# King Arthur Flour



## Fisher's Mom (Dec 17, 2007)

After making bread for the past year at least 4 times a week, I finally ordered King Arthur flour. I had heard from many sources that it's one of the very best for bread but actually, I wondered how much difference it could really make. I've been using Diamond bread flour that I got in a 20# bag from Sam's and I thought it was pretty good - it always got eaten immediately.

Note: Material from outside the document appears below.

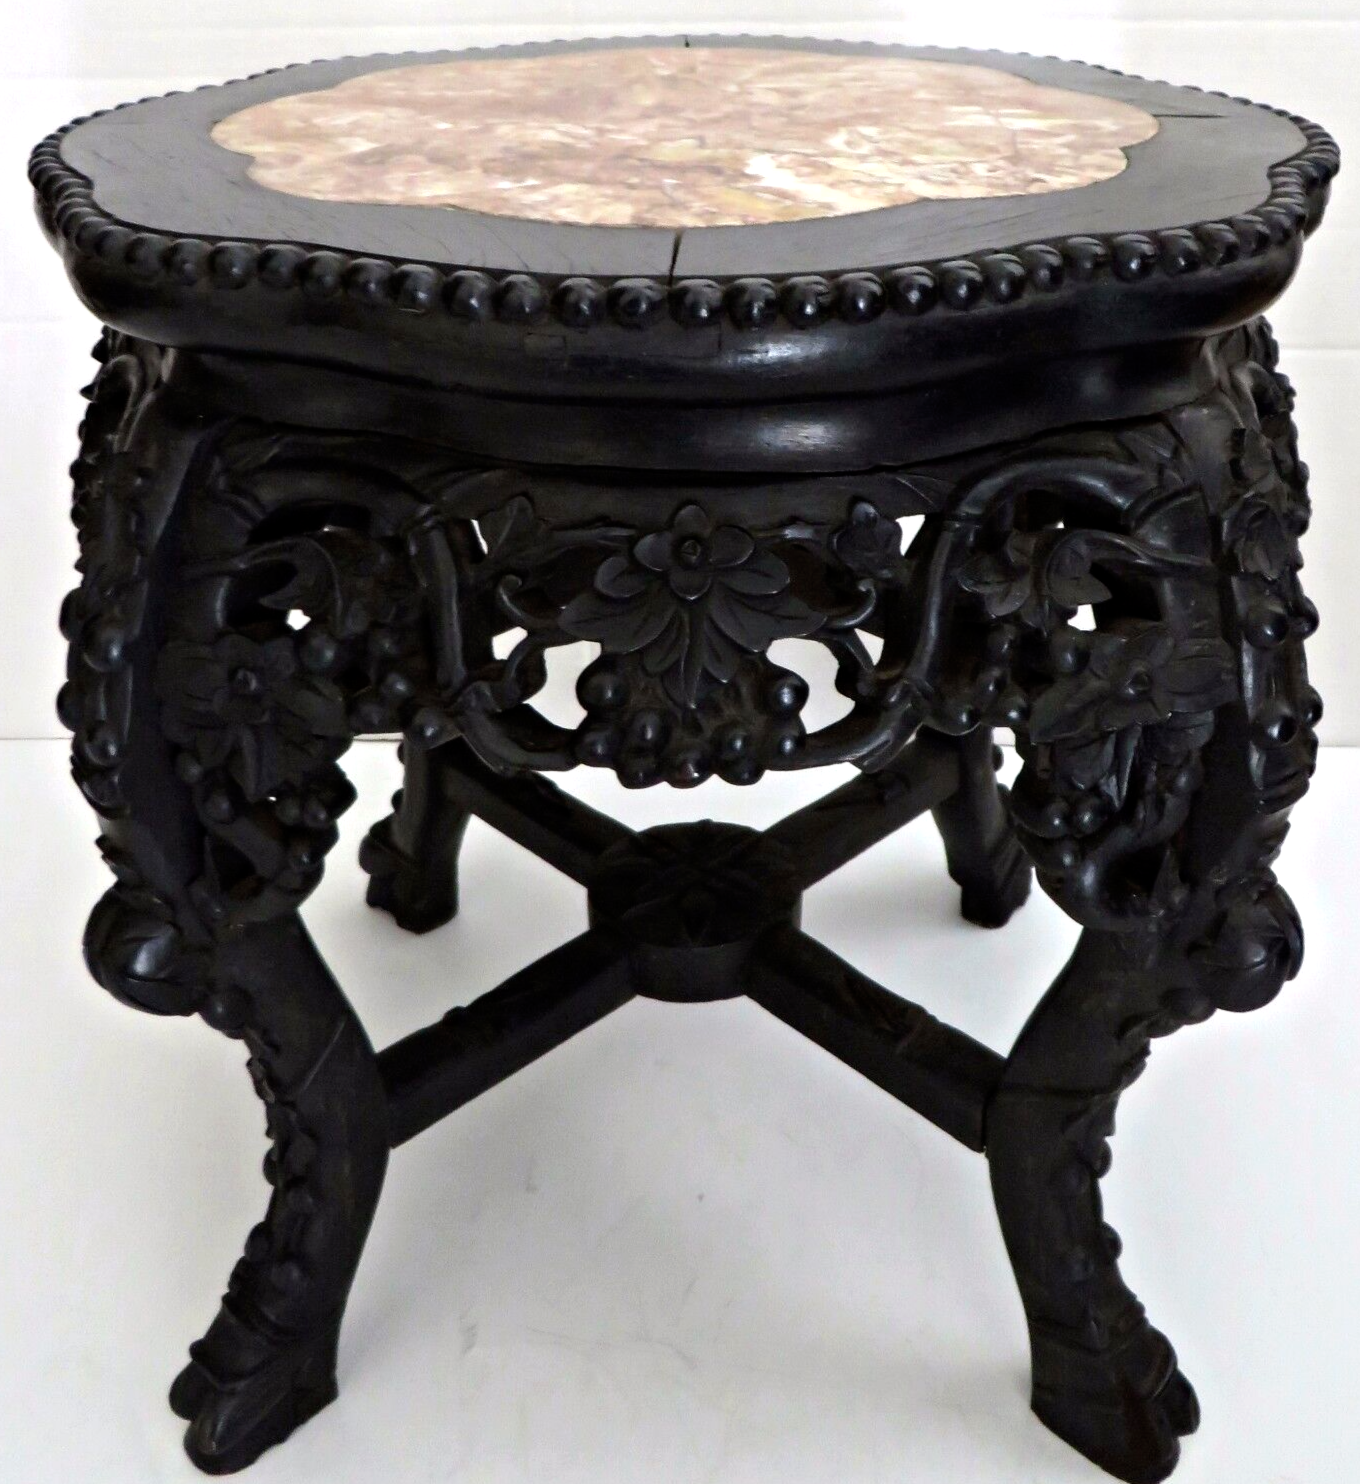 Antique 1870's Oriental Chinese Carved Wood Marble Top Side Table Plant Stand Без бренда - фотография #3
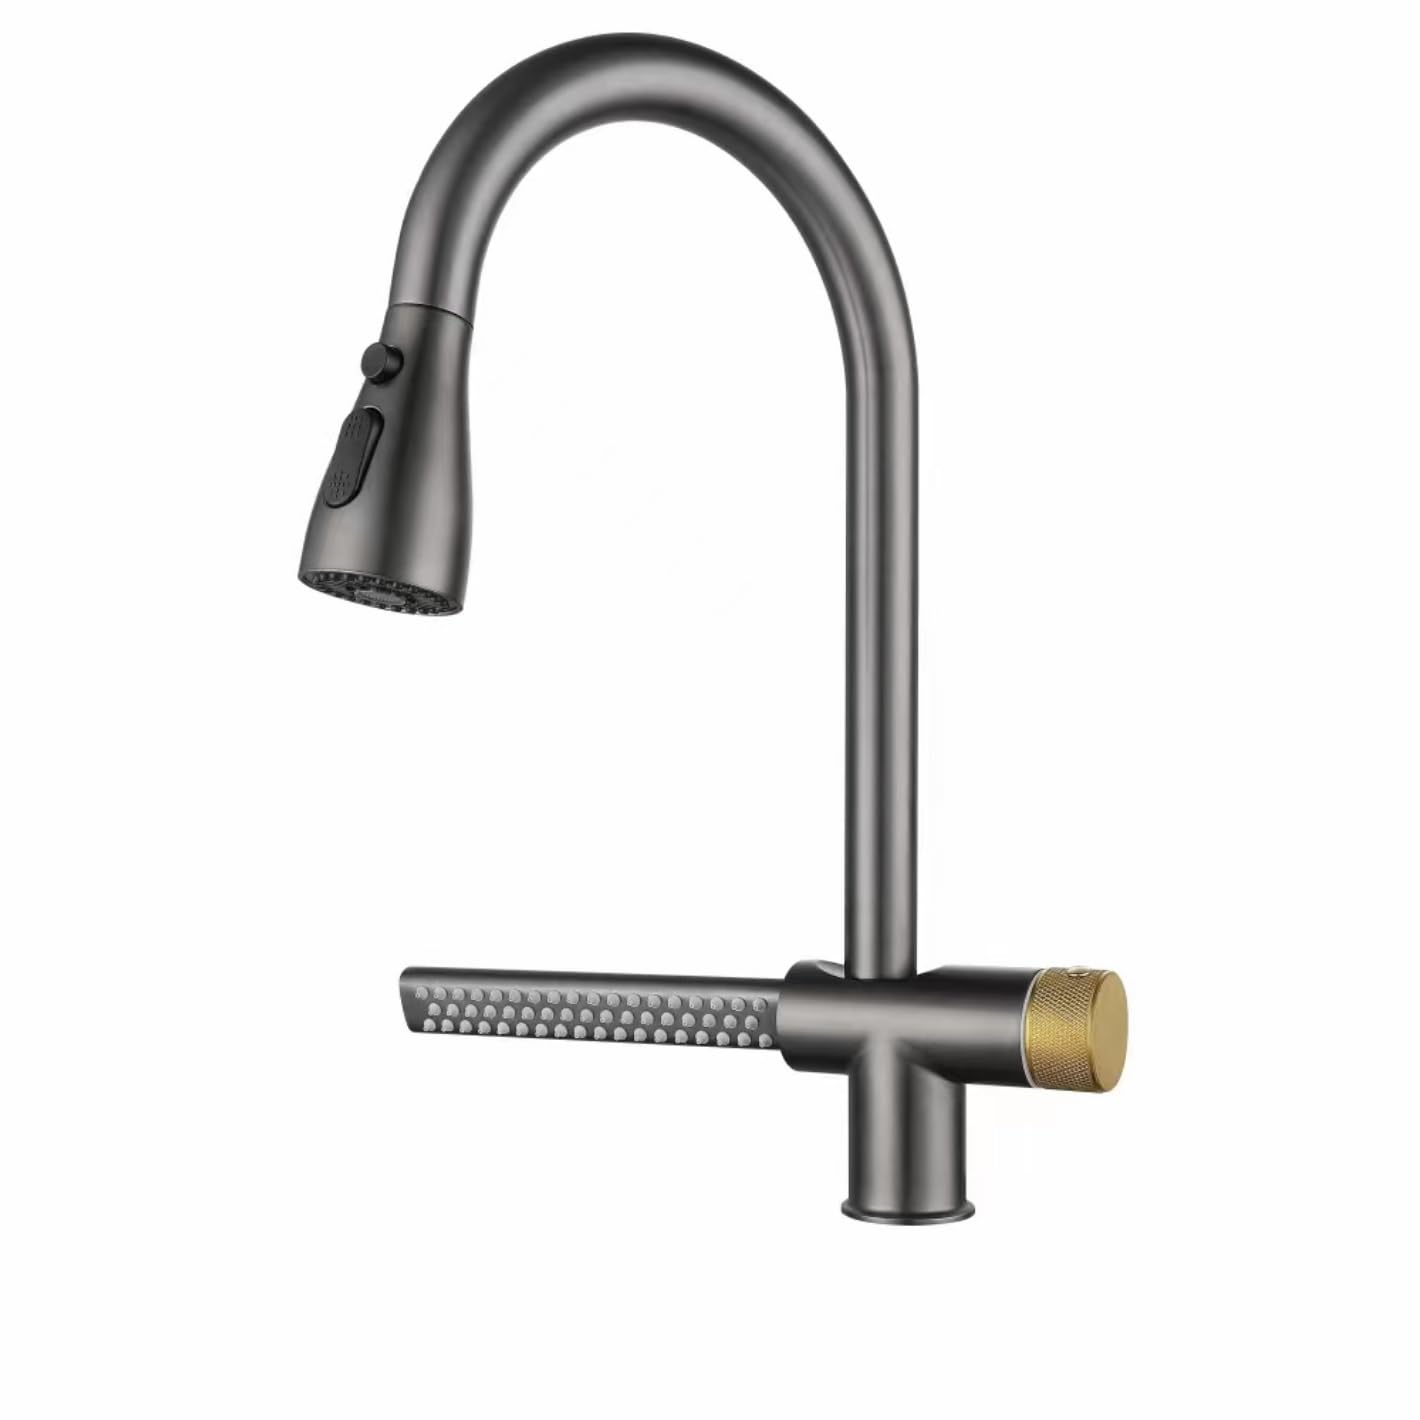 InArt 360° Rotatable Brass Kitchen Faucet, Pull Out Sprayer, Waterfall & Swivel - Hot & Cold Water Single Hole Mixer Tap - InArt-Studio

Well, I made bread last night with the King Arthur and WOW!!!!! It was honestly the best bread I've ever made! Amazing the difference it made. So now, I think I will branch out and try making some whole wheat breads. Is King Arthur still the way to go?


----------



## Andy M. (Dec 17, 2007)

It's hard to go wrong with any KA product.


----------



## ChefJune (Dec 17, 2007)

I think so, because when you order from them, they are sending you fresh product.  When you buy at the supermarket, even if you're buying King Arthur, you have no idea how long it's sat in the warehouse before being put on the shelf.  The fresher the flour, the better the product.

A good friend of mine used to grind her own wheat berries, and the bread she would make was incomparable!


----------



## Fisher's Mom (Dec 17, 2007)

I never thought of that, June, but I'm sure the flour at the store is much older than what KA shipped me. I didn't realize it would make a difference but that, too, makes perfect sense.


----------



## Andy M. (Dec 17, 2007)

If you shop at a big busy supermarket, I doubt the flour is there for long.  Especially during this time of year.


----------



## Fisher's Mom (Dec 17, 2007)

It's odd, the stores I shop at in my neighborhood don't carry King Arthur flours.


----------



## Andy M. (Dec 17, 2007)

If you can't find it locally, I guess your only option is to mail order.


----------



## Fisher's Mom (Dec 17, 2007)

Yep, Andy, that's what I did. It worked out great - now my only problem is not ordering all the other cool baking goodies and gadgets they offer!


----------



## Andy M. (Dec 17, 2007)

They do have a lot of good stuff!


----------



## Caine (Dec 17, 2007)

Fisher's Mom said:


> It's odd, the stores I shop at in my neighborhood don't carry King Arthur flours.


 
Go to the King Artuher web site. It has a search engine to find the nearest store that sells their products. Also, order their catalog, lots of good stuff in it, and it's not limited to flour. In fact, when my catalog arrives, I find someone to come over to my house and hide all my credit cards before I open it.


----------



## Fisher's Mom (Dec 17, 2007)

Caine said:


> Go to the King Artuher web site. It has a search engine to find the nearest store that sells their products. Also, order their catalog, lots of good stuff in it, and it's not limited to flour. In fact, when my catalog arrives, I find someone to come over to my house and hide all my credit cards before I open it.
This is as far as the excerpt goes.